8. **Every mutation names its layer.** A PR touching streaming, recovery,
context reconstruction, compression, replay, or sidebar metadata should state
which layer it changes and what regression proves the invariant still holds.
## Review Checklist
Use this checklist for PRs that touch run state, streaming, replay, compression,
context reconstruction, or session metadata:
- Which state layers does this PR read or write?
- Which layer is the source of truth after this change?
- Can the visible transcript and model context diverge?
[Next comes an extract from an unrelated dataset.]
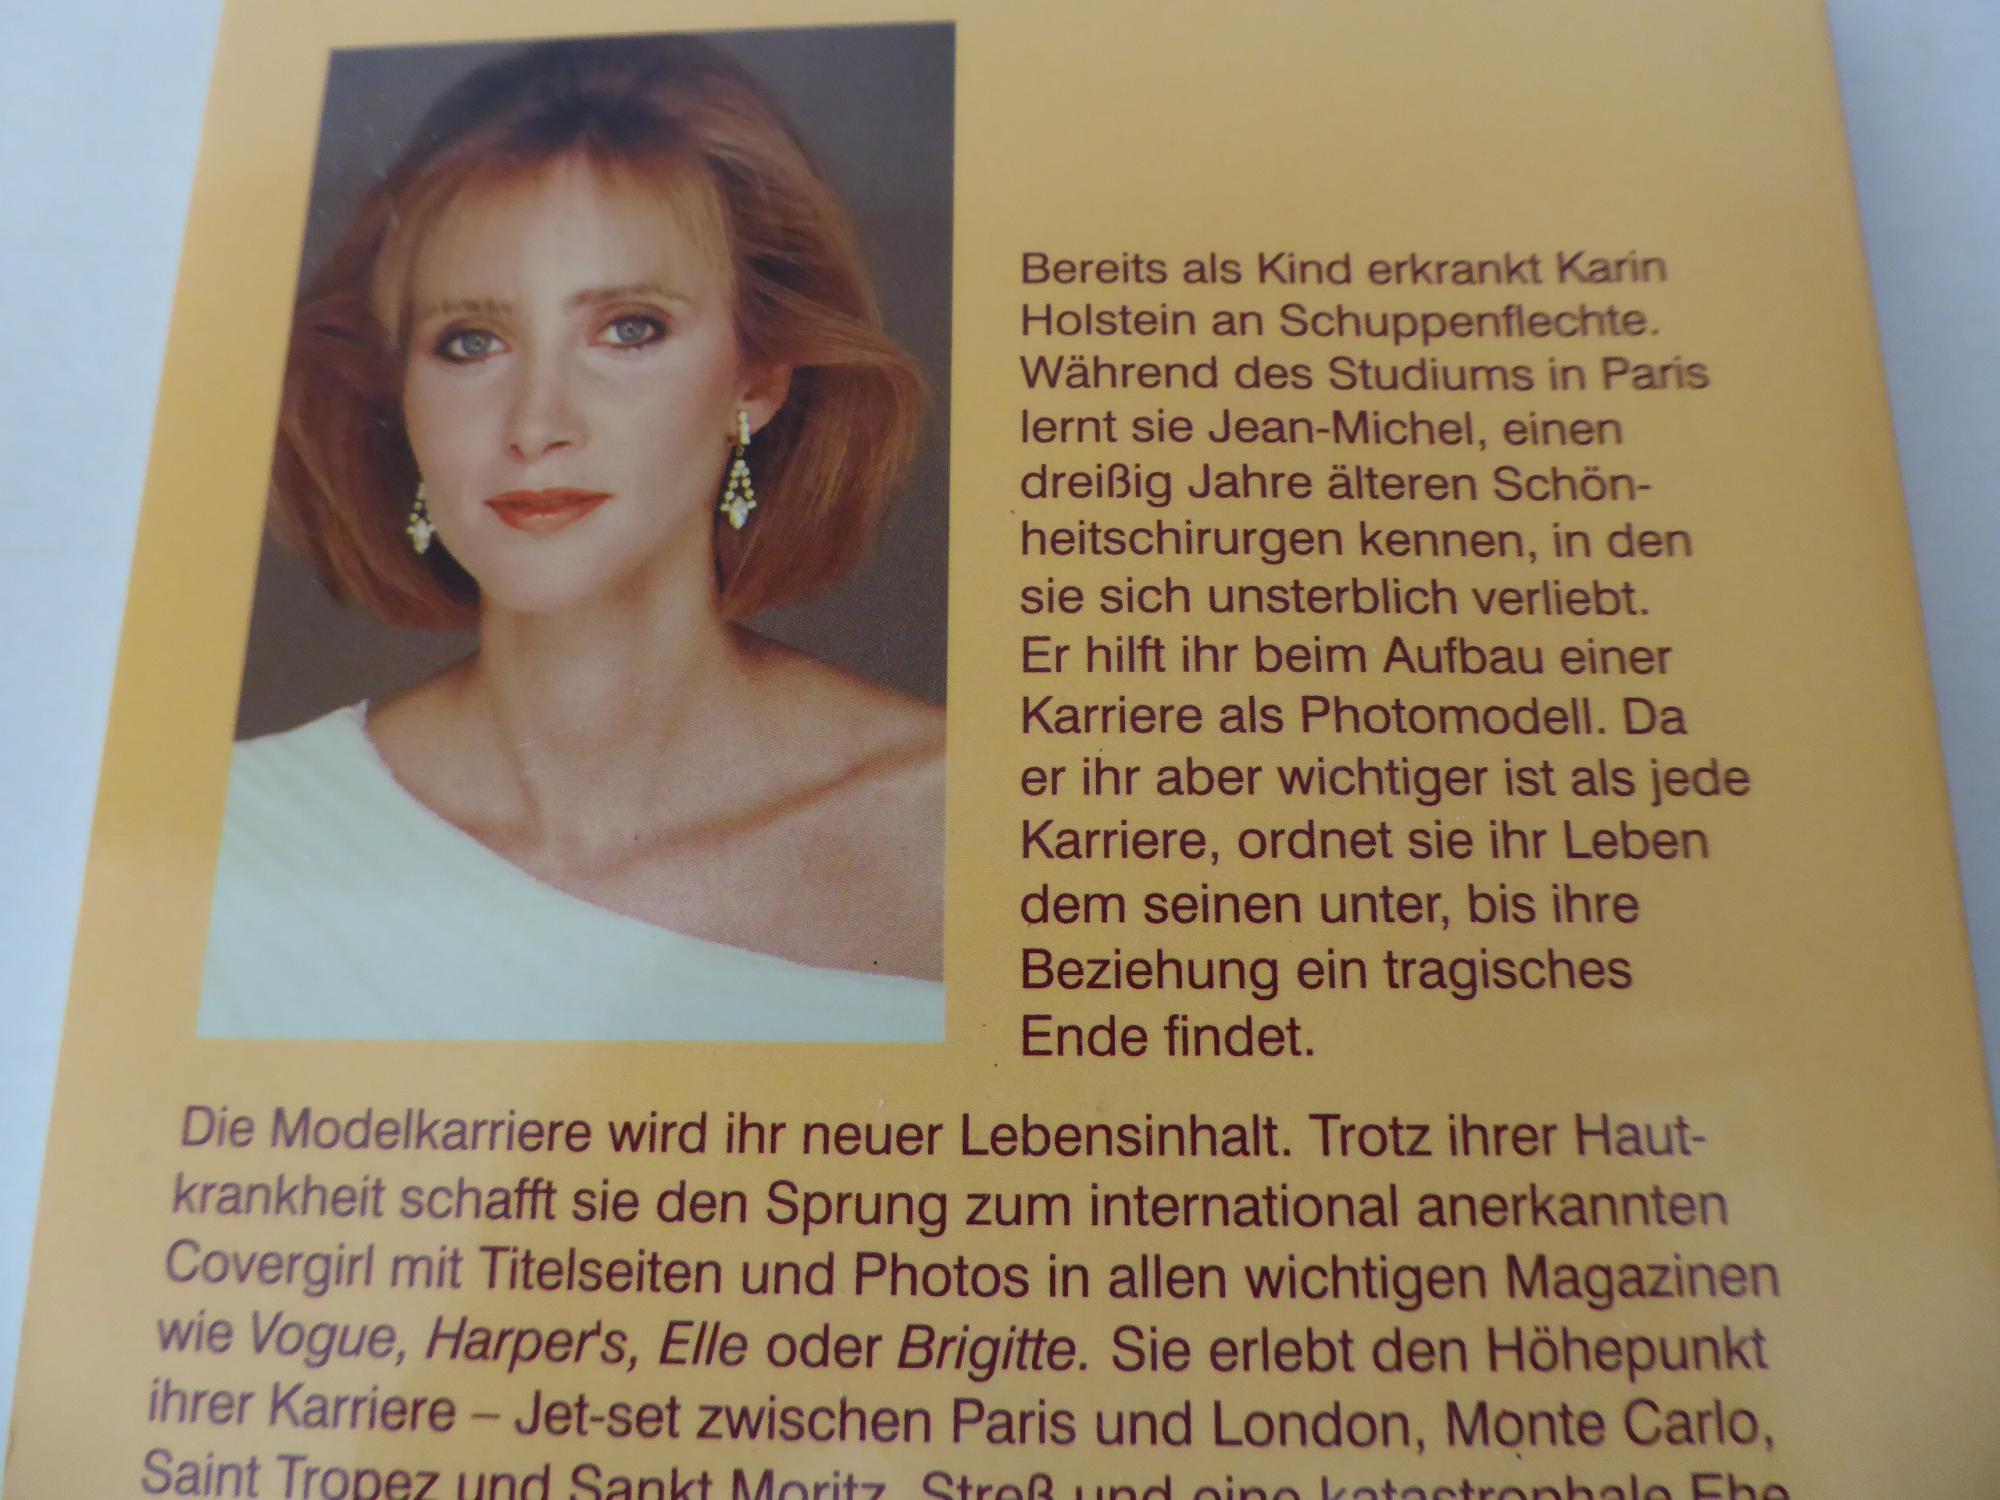 Cover Girl Covergirl Uncovered Die Geschichte Der Karin H Softcover Von Karin Holstein Wie Neu Softcover 03 Deichkieker Bucherkiste

If yes, is that
deliberate and user-visible?
- What happens after browser refresh, session switch, SSE reconnect, and WebUI
restart?
- Does replay rebuild the same scene without duplicates?
- Can this change move a session in the sidebar without meaningful user or
assistant activity?
- Can automatic compression or recovery text become visible active-turn content?
- What test or manual evidence proves the invariant?
## Existing Issue Map
| Example | State boundary exposed | Relevant invariant |
|---|---|---|
| [#2341](https://github.com/nesquena/hermes-webui/issues/2341) / [#2342](https://github.com/nesquena/hermes-webui/pull/2342) | Active reattach could show agent activity without the pending user turn that started it | 2 |
| [#2344](https://github.com/nesquena/hermes-webui/issues/2344) / [#2347](https://github.com/nesquena/hermes-webui/pull/2347) | Session switching could lose or reorder the live thinking/tool/interim timeline | 3, 5 |
| [#2345](https://github.com/nesquena/hermes-webui/issues/2345) / [#2349](https://github.com/nesquena/hermes-webui/pull/2349) | Stale stream cleanup could mutate `updated_at` and resurface old sessions | 4 |
| [#2346](https://github.com/nesquena/hermes-webui/issues/2346) / [#2348](https://github.com/nesquena/hermes-webui/pull/2348) | Thinking cards could repeat interim assistant progress text | 5 |
| [#2353](https://github.com/nesquena/hermes-webui/issues/2353) / [#2354](https://github.com/nesquena/hermes-webui/pull/2354) | Recovered pending user turns could be visible but missing from model context | 1 |
| [#2355](https://github.com/nesquena/hermes-webui/issues/2355) / [#2357](https://github.com/nesquena/hermes-webui/pull/2357) | Auto-compression rotation could leave reference-only cards in the active conversation tail | 3, 6 |
| [#2308](https://github.com/nesquena/hermes-webui/issues/2308) / [#2309](https://github.com/nesquena/hermes-webui/pull/2309) | Compressed sessions could resume stale agent tasks when the user starts an ordinary fresh chat | 6 |
| [#2283](https://github.com/nesquena/hermes-webui/pull/2283) | Run event journal replay provides the foundation for ordered recovery | 5 |
These references are evidence for the contract. This RFC does not make the
linked implementation PRs dependent on this document, and it does not close the
tracking issue by itself.
## Relationship To The Run Adapter RFC
The run adapter RFC defines the longer-term event/control boundary for WebUI and
Hermes runtime ownership. This RFC defines the consistency rules that the current
WebUI and any future adapter-backed implementation must preserve.
The two documents should be read together:
- The adapter contract answers: "Where should execution ownership live?"
- This consistency contract answers: "How do transcript, context, streams,
replay, compression, and UI metadata stay coherent while execution is active
or being recovered?"
## Rollout Plan
1. Land this RFC as a reviewable draft and refine it through PR discussion.
2. Link future streaming/recovery/compression/sidebar PRs back to the invariant
they intentionally preserve or change.
3. Convert recurring checklist items into focused regression tests where
practical.
4. If #1925 introduces a new adapter-backed runtime layer, update this RFC or
replace it with the accepted implementation contract so these invariants do
not live only in historical discussion.